In a Transformer, this “state” is just a vector of floating-point values, one vector for each position, each vector of length D_MODEL. We’ll define a type to hold that state:

#[derive(Clone)]
struct State([f32; D_MODEL]);

// At every point inside the model, we have one State per token
// position
type ResidualStream = [State];

I often like to think of the state (which we call the “residual stream”) as an “opaque data structure.” It contains within it many different features, but those features are opaque and cannot be directly accessed. Instead, the state exposes two main operations:

  • We can query it. To do this, we provide a “query” vector, and take a dot product with that vector to produce a single floating-point value.
  • We can update it, by providing an “update” vector which will be added to the state vector.

We’ll define type aliases for those types to help keep them straight in our presentation. They’re both the same physical type as the state vector, but we’ll often think of them pretty differently.
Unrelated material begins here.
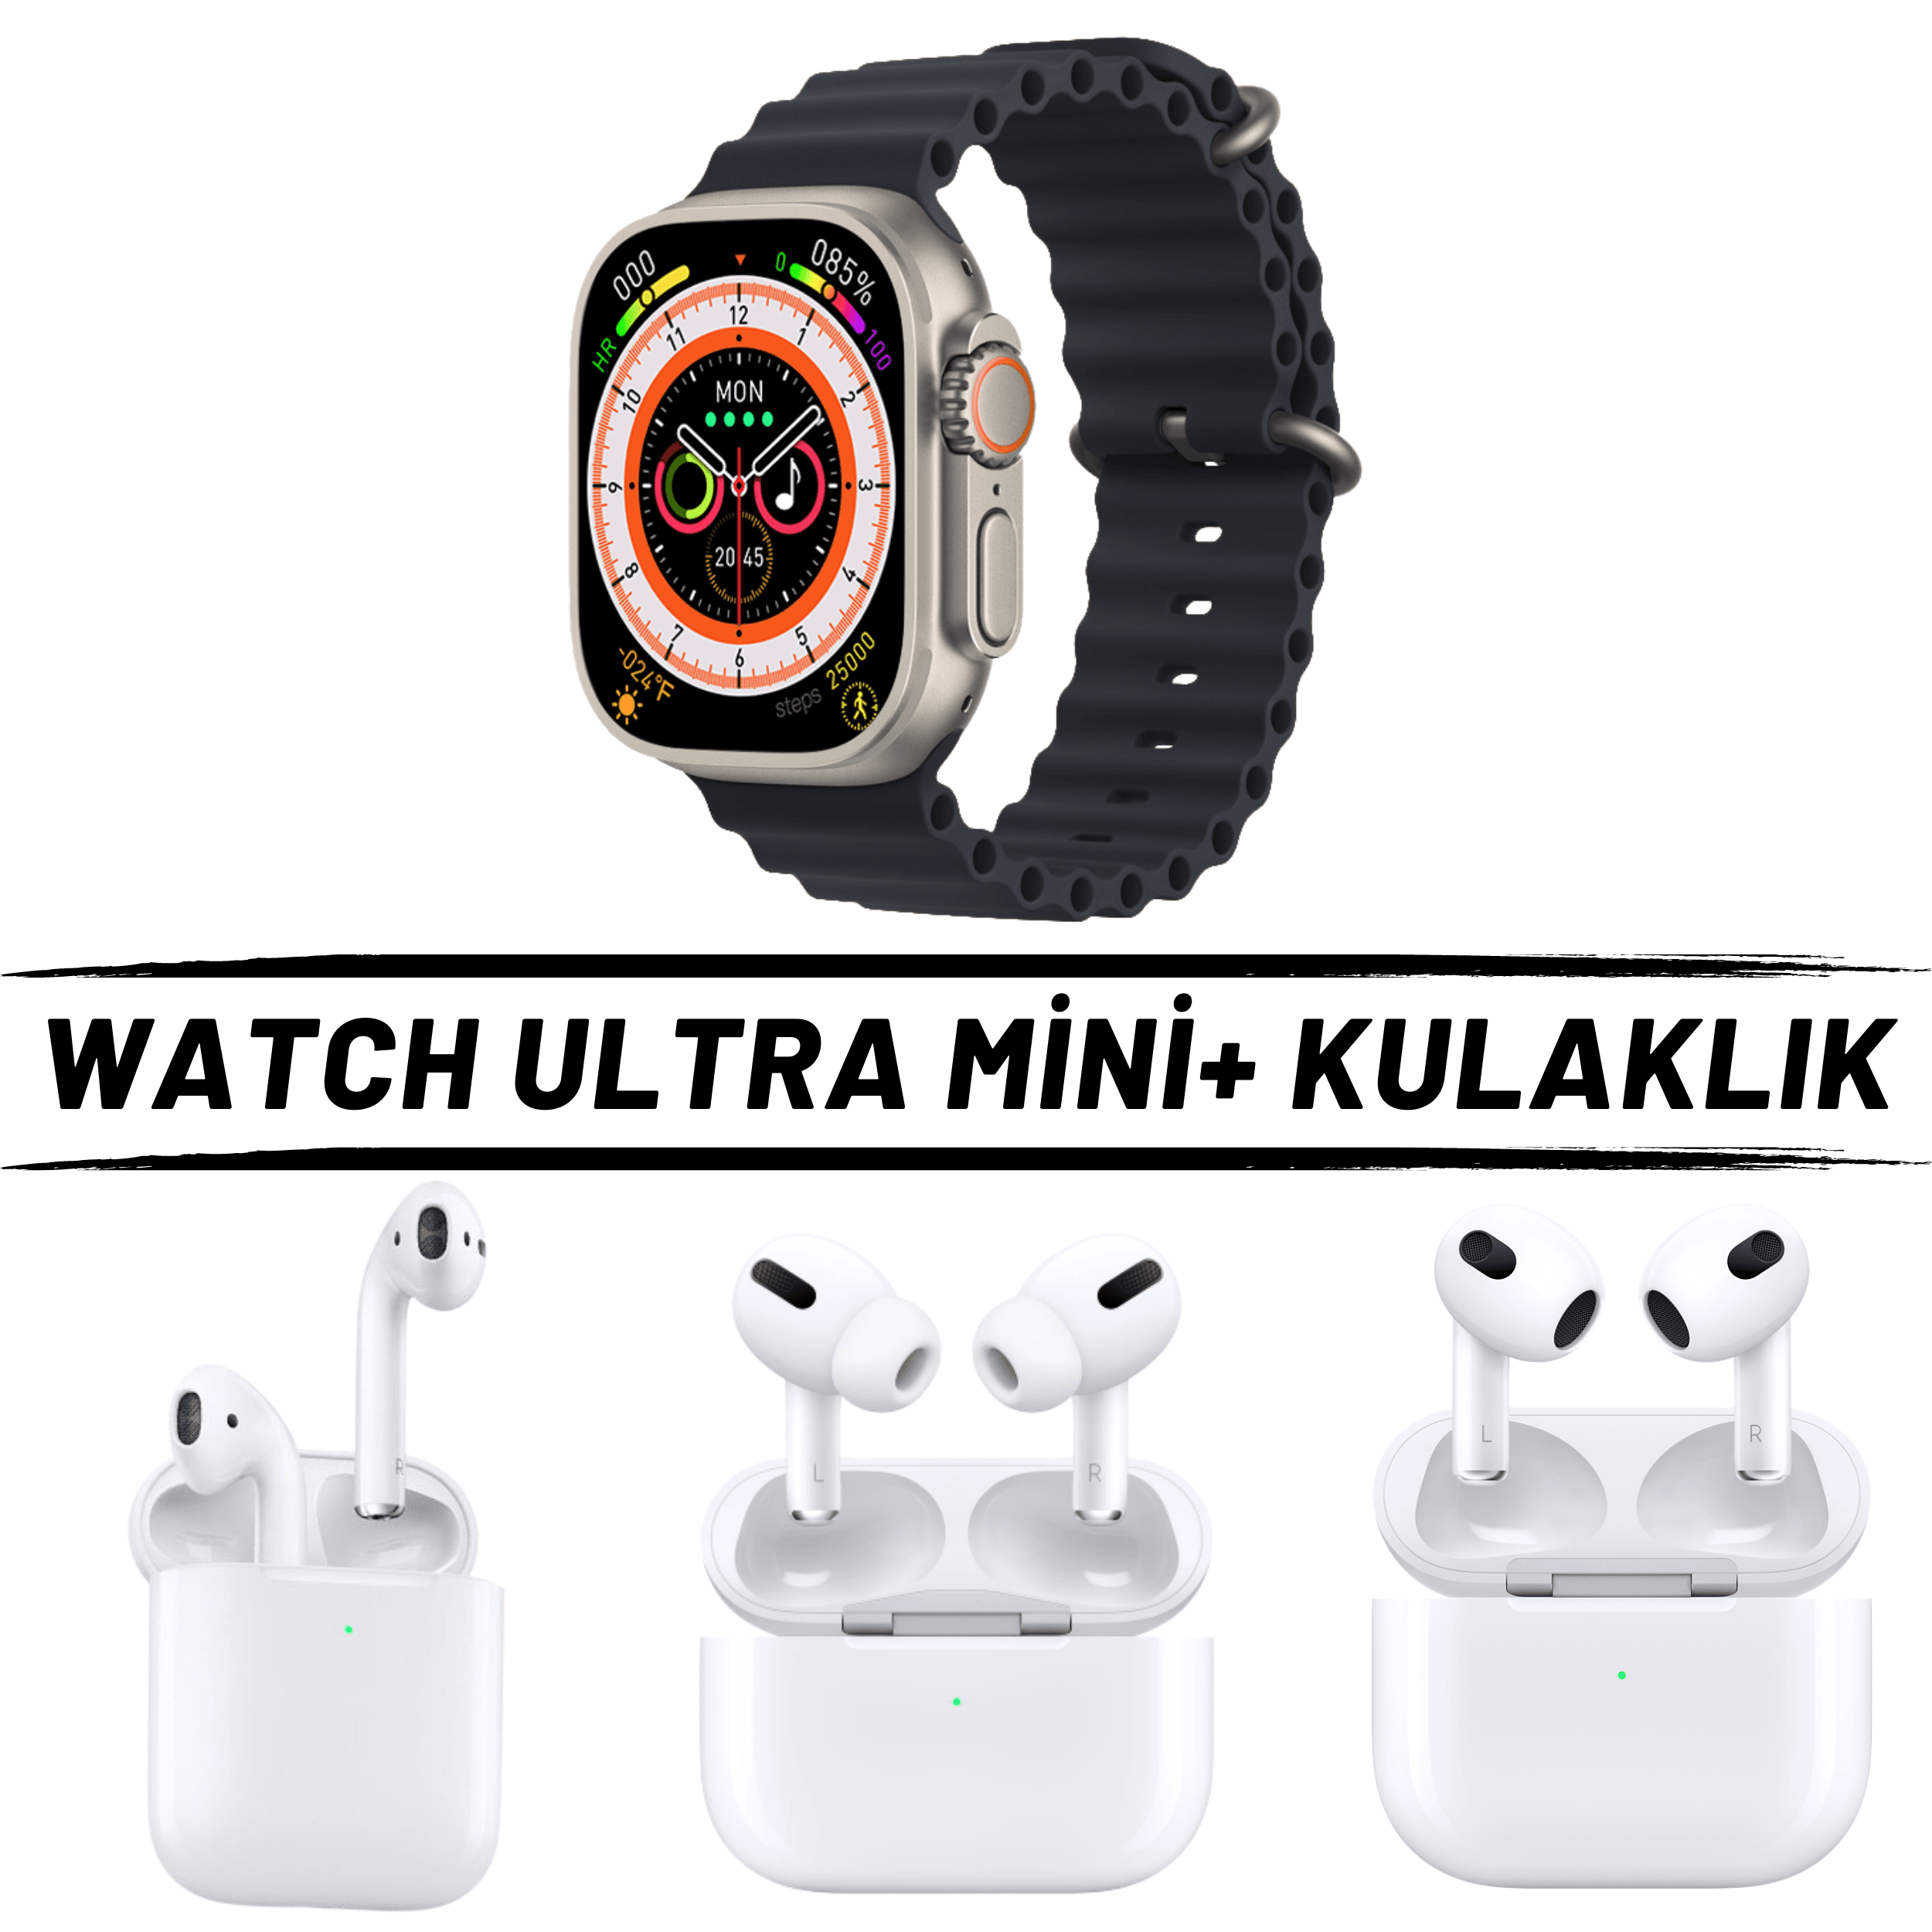 Watch Ultra Mini + Kulaklık

We’ll also define the basic operations on them.

type Query = State;
type Update = State;

impl State {
    fn zero() -> Self {
        State([0.0; D_MODEL])
    }

    fn update(&self, right: &Update) -> State {
        let mut out = self.clone();
        for (i, r) in right.0.iter().enumerate() {
            out.0[i] += r;
        }
        out
    }

    fn query(&self, right: &Query) -> f32 {
        dot(&self.0, &right.0)
    }
}

fn dot<const N: usize>(l: &[f32; N], r: &[f32; N]) -> f32 {
    let mut out = 0.0;
    for (i, r) in r.iter().enumerate() {
        out += l[i] * r;
    }
    out
}

It’s worth saying a few words about these definitions and how I’m trying to use them to convey intuitions and mental models I have.

  • Because of the way layers can only update the state by adding an Update into it, and not by replacing the entire thing, I often think of the Transformer as a “functional program” implemented on a very unusual machine. We pass the state stream through and repeatedly update it to produce to a new state, but we never mutate it in-place or completely throw it away. In this model, we might think of the “model architecture” and the layers as the “instructions” for our weird machines, and the weights as our “operands” for those instructions.
  • We will shortly end up with vectors of States, one per token position. Traditionally we represent these directly as 2d tensors (3d with a batch dimension); by defining a State alias we can make it clearer when to think of a 2d tensor as a vector of 1d states, vs as a 2d matrix encoding some linear transformation.
  • The “opaque” state and the “query” and “update” operations get at the fact that the residual stream state vectors have no privileged basis space. We should not expect the individual dimensions of the state vector to have meaning, and so we abstract them out.
  • Along that line, it’s a quirk of high-dimensional spaces that in N-dimensional space you can construct exponentially-many “almost-orthogonal” vectors (which all have very small pairwise dot products). We suspect Transformers use this property to (noisily) encode far more than D_MODEL features into the residual stream, and I think the “opaque structure you can query for the presence of a particular direction” fits well with this model.

The layers  🔗︎

Now we move to the actual layers of the model. A Transformer work starts with an embedding layer, followed by some number of blocks (which we refer to as “residual blocks” or “resblocks”), and finally an unembedding layer.

struct Transformer {
    embedding: Embedding,
    layers: [ResBlock; N_LAYERS],
    unembedding: Unembedding,
}

The (un)embedding  🔗︎

The purpose of embedding and unembedding is to convert between tokens to and from the internal state. We’ll define them for the standard construction of Transformers that act on tokenized text streams; however, we could also construct models that work on images, audio, or just about anything else pretty much solely by swapping out the (un)embeddings.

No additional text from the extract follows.